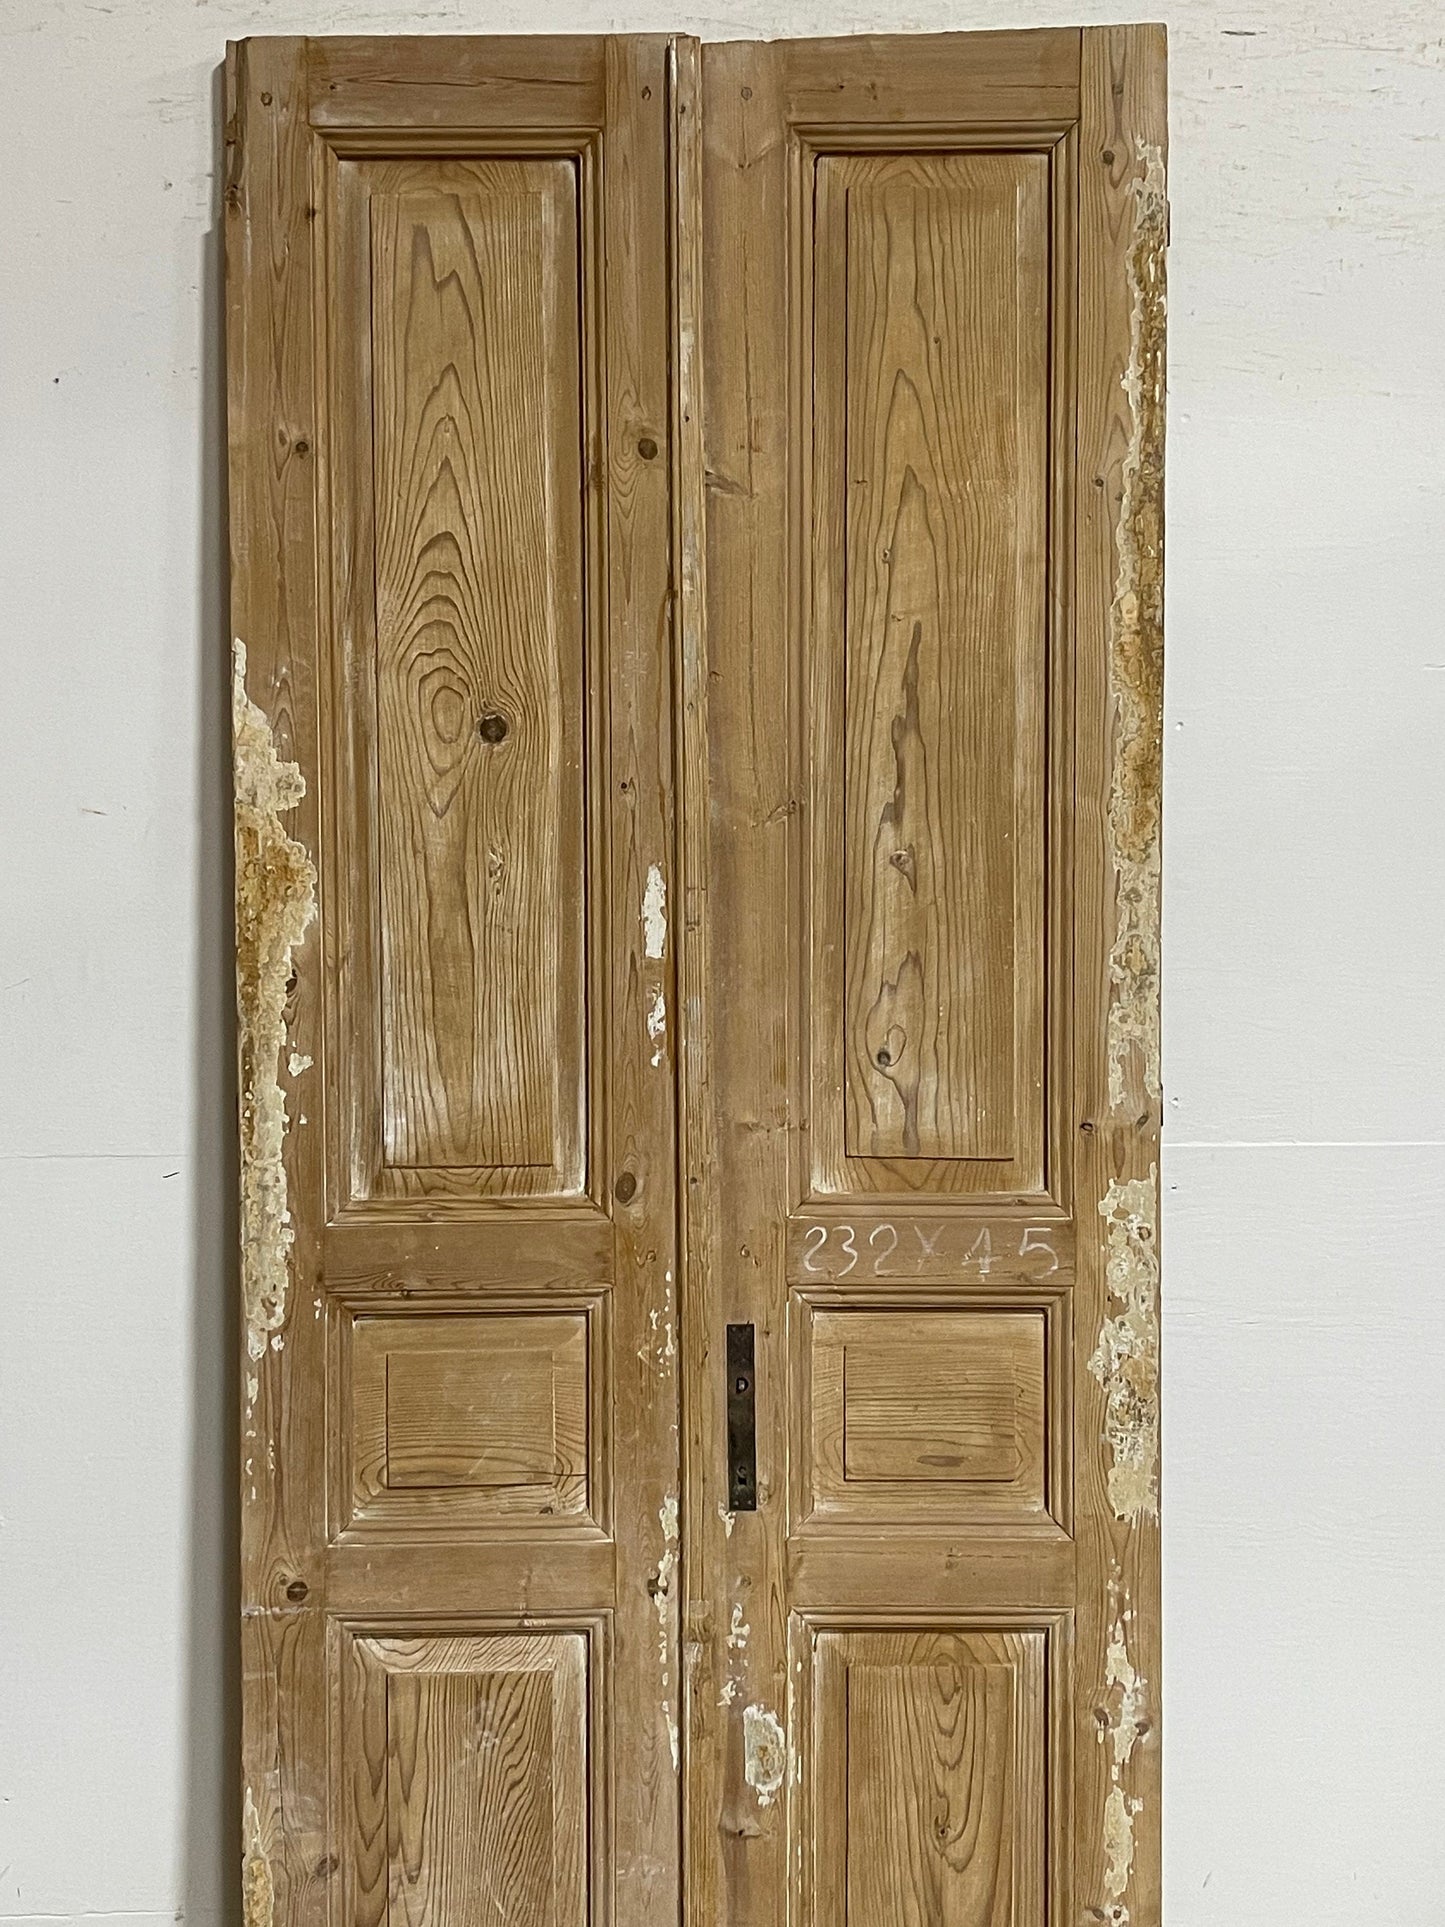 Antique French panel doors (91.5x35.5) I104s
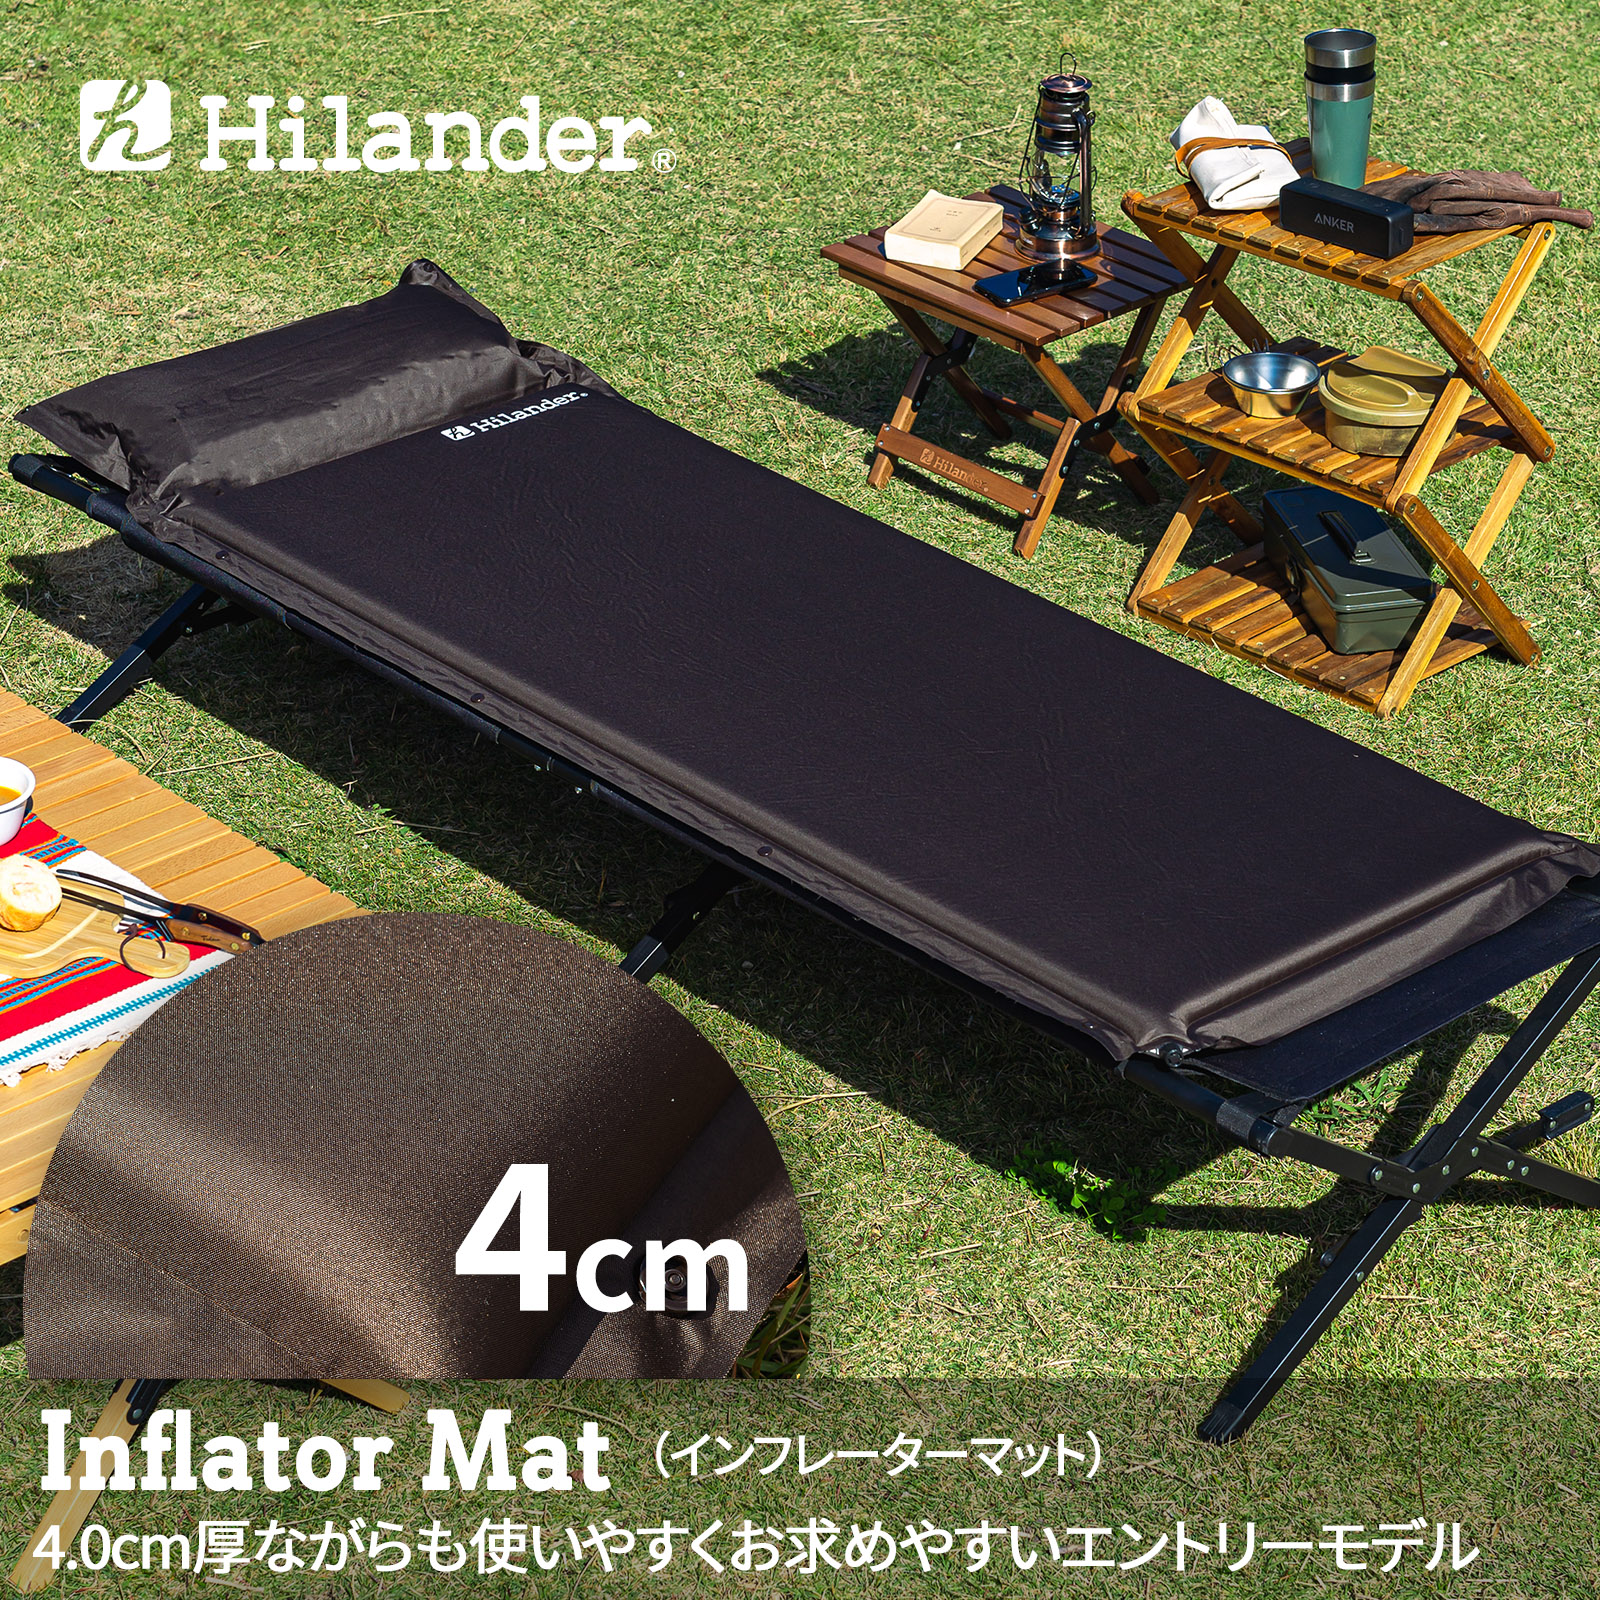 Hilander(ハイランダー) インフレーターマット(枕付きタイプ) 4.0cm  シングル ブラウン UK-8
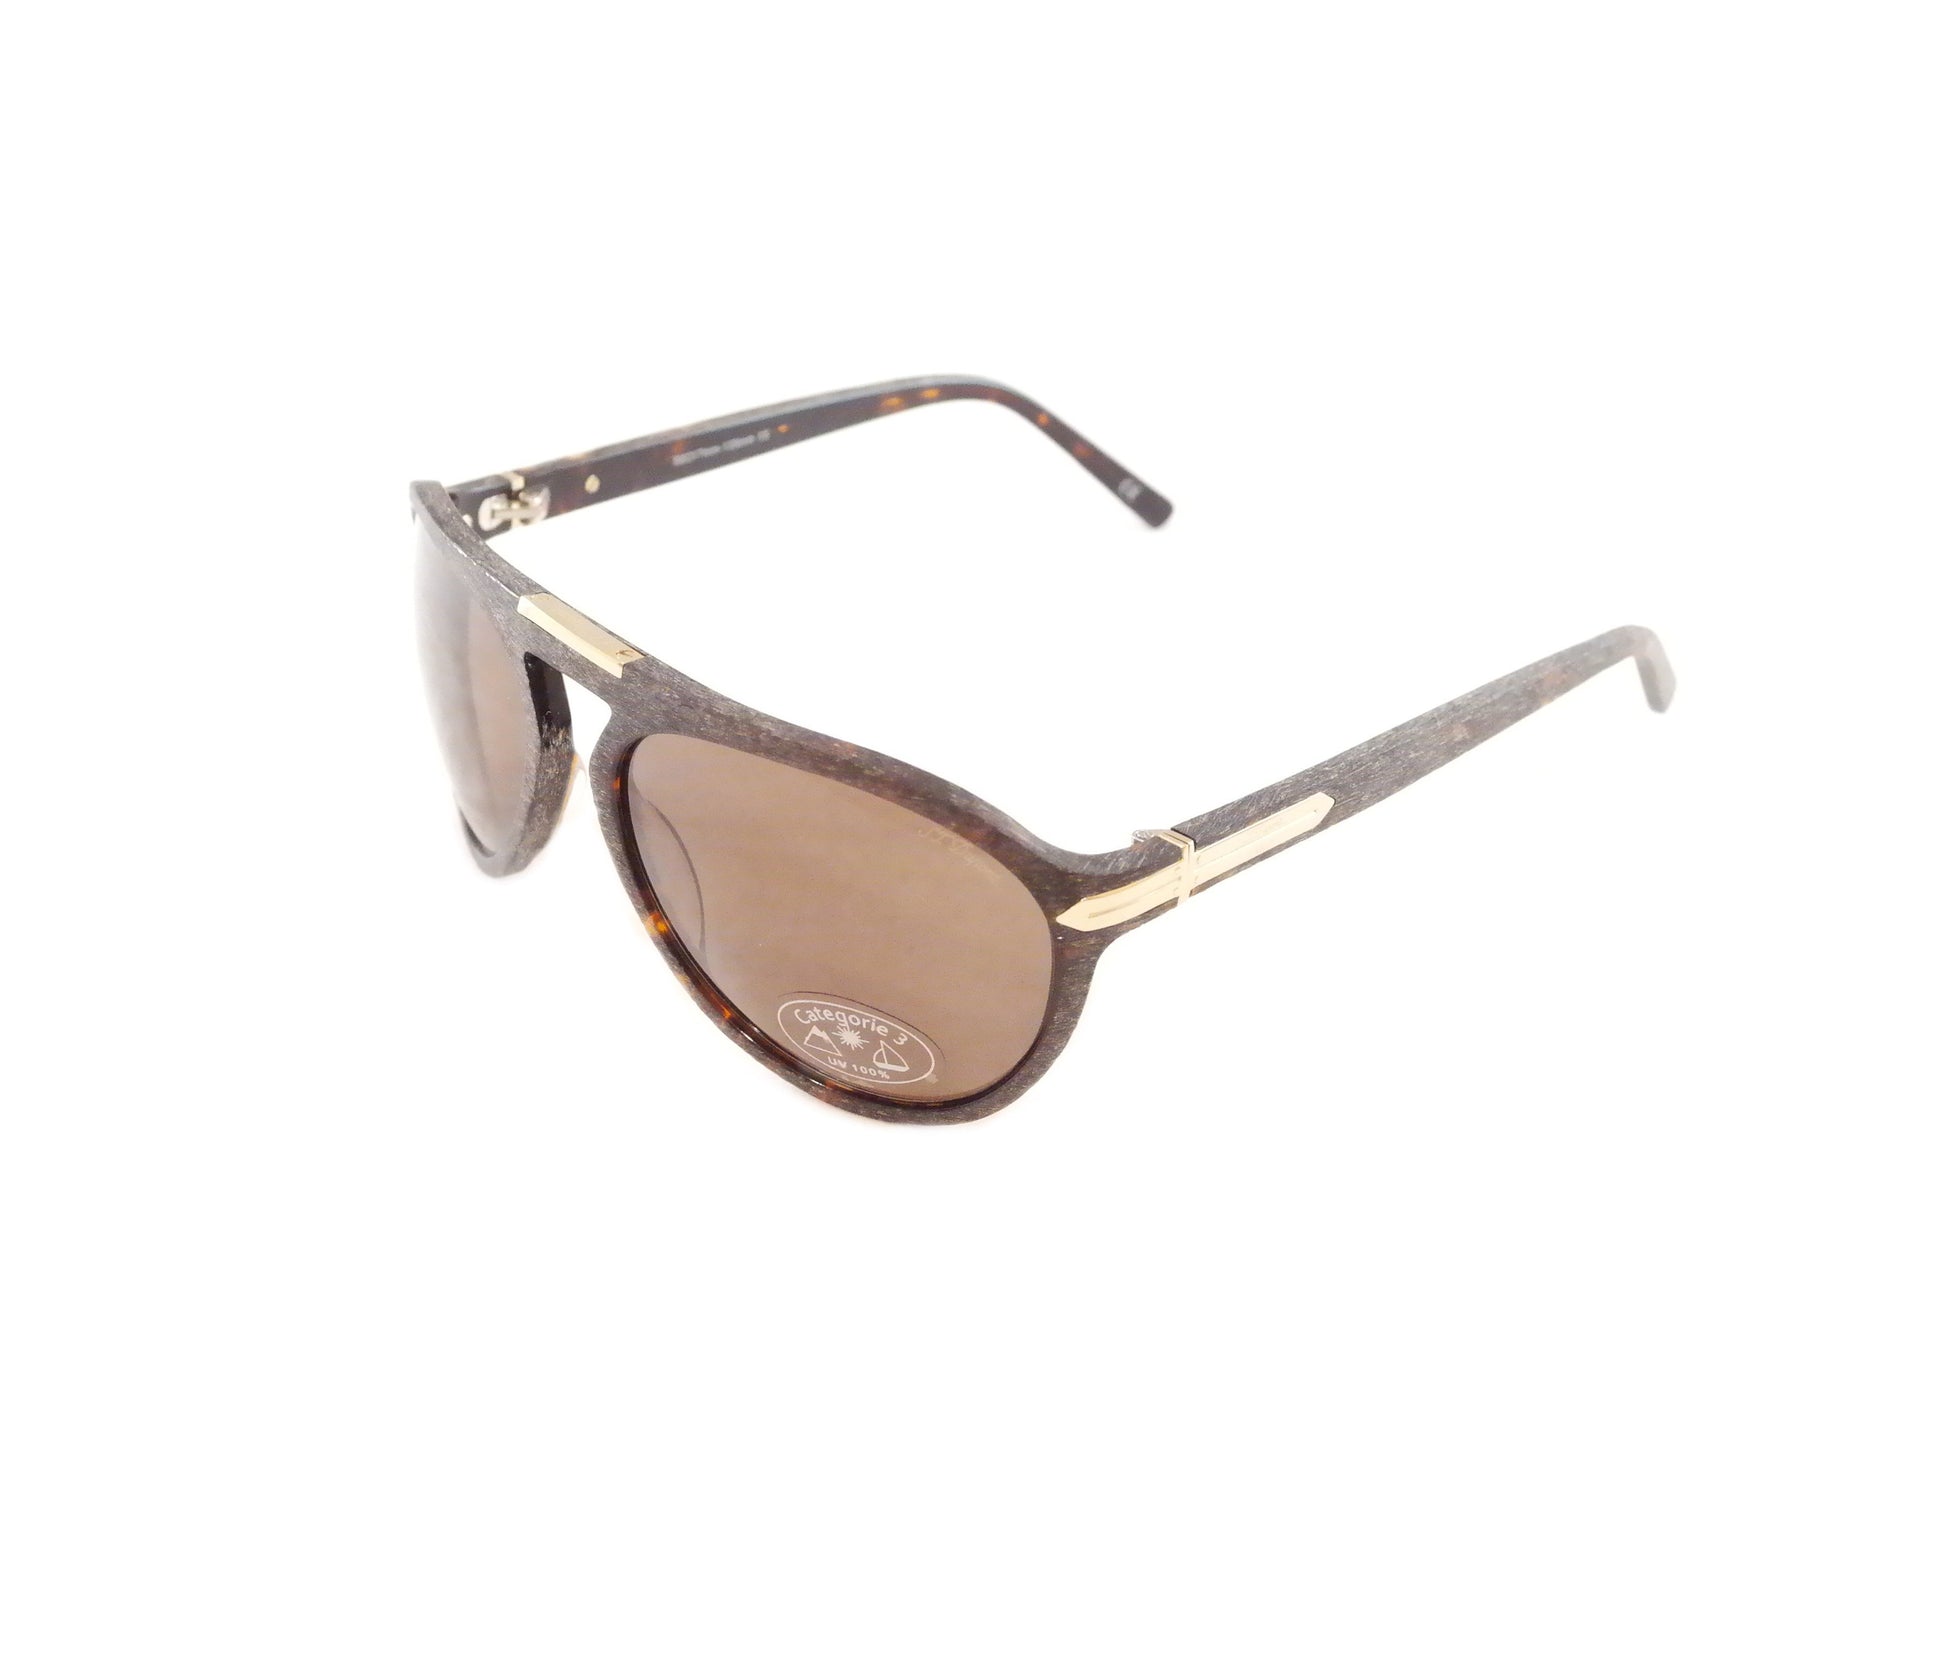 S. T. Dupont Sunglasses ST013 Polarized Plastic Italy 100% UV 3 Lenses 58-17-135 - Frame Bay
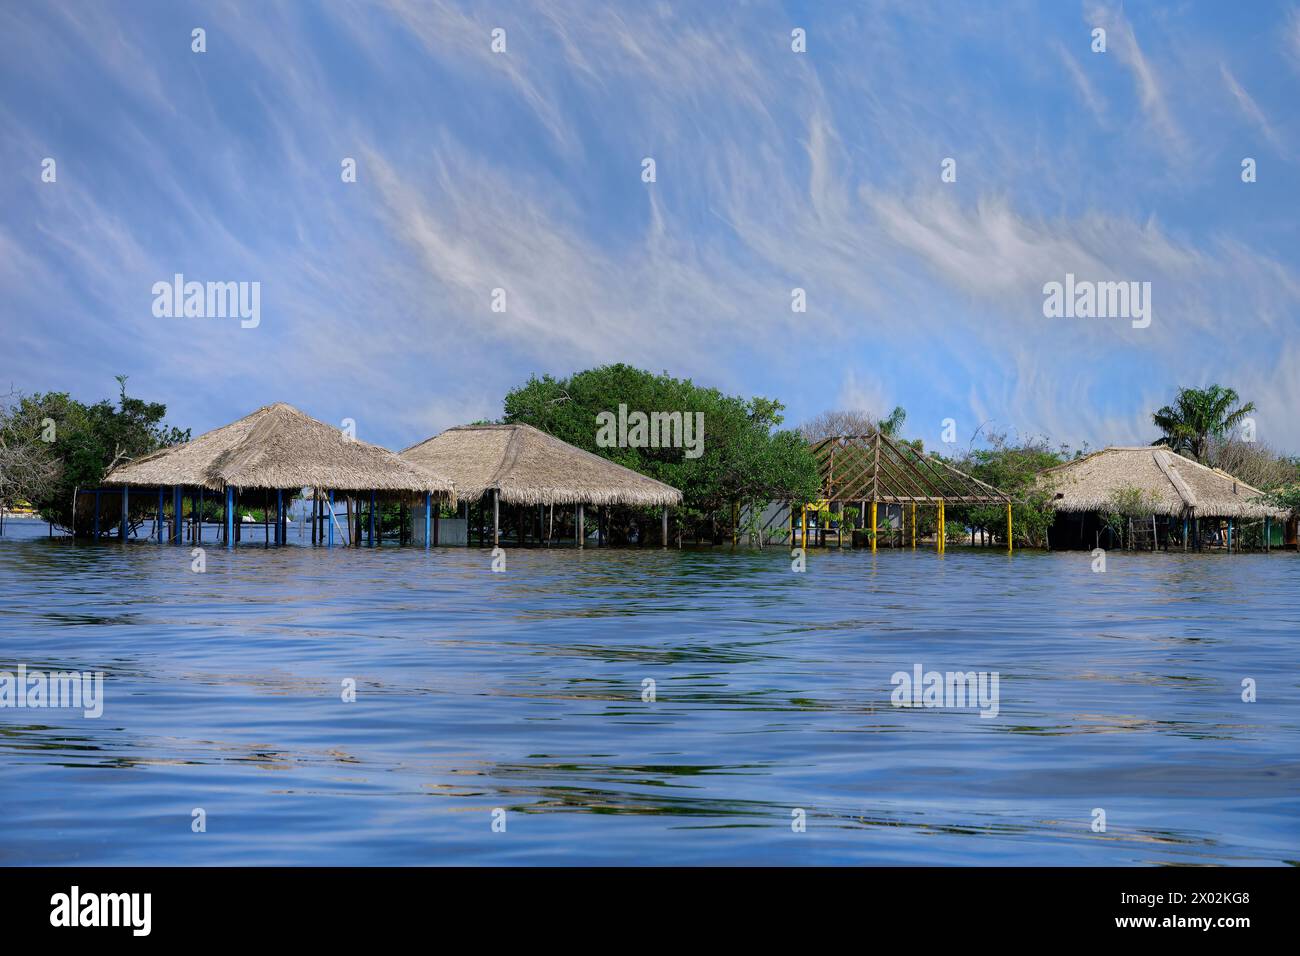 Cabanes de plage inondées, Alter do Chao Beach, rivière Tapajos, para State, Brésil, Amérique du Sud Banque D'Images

**INSTRUCTIONS FOR THE TASK:** Please repeat the listing above word for word, with the pictures removed.

**SOLUTION TO THIS TASK:**
 Antique French panel doors (91.5x35.5) I104s
 Hilander(ハイランダー) インフレーターマット(枕付きタイプ) 4.0cm  シングル ブラウン UK-8
 S. T. Dupont Sunglasses ST013 Polarized Plastic Italy 100% UV 3 Lenses 58-17-135 - Frame Bay
 Cabanes de plage inondées, Alter do Chao Beach, rivière Tapajos, para State, Brésil, Amérique du Sud Banque D'Images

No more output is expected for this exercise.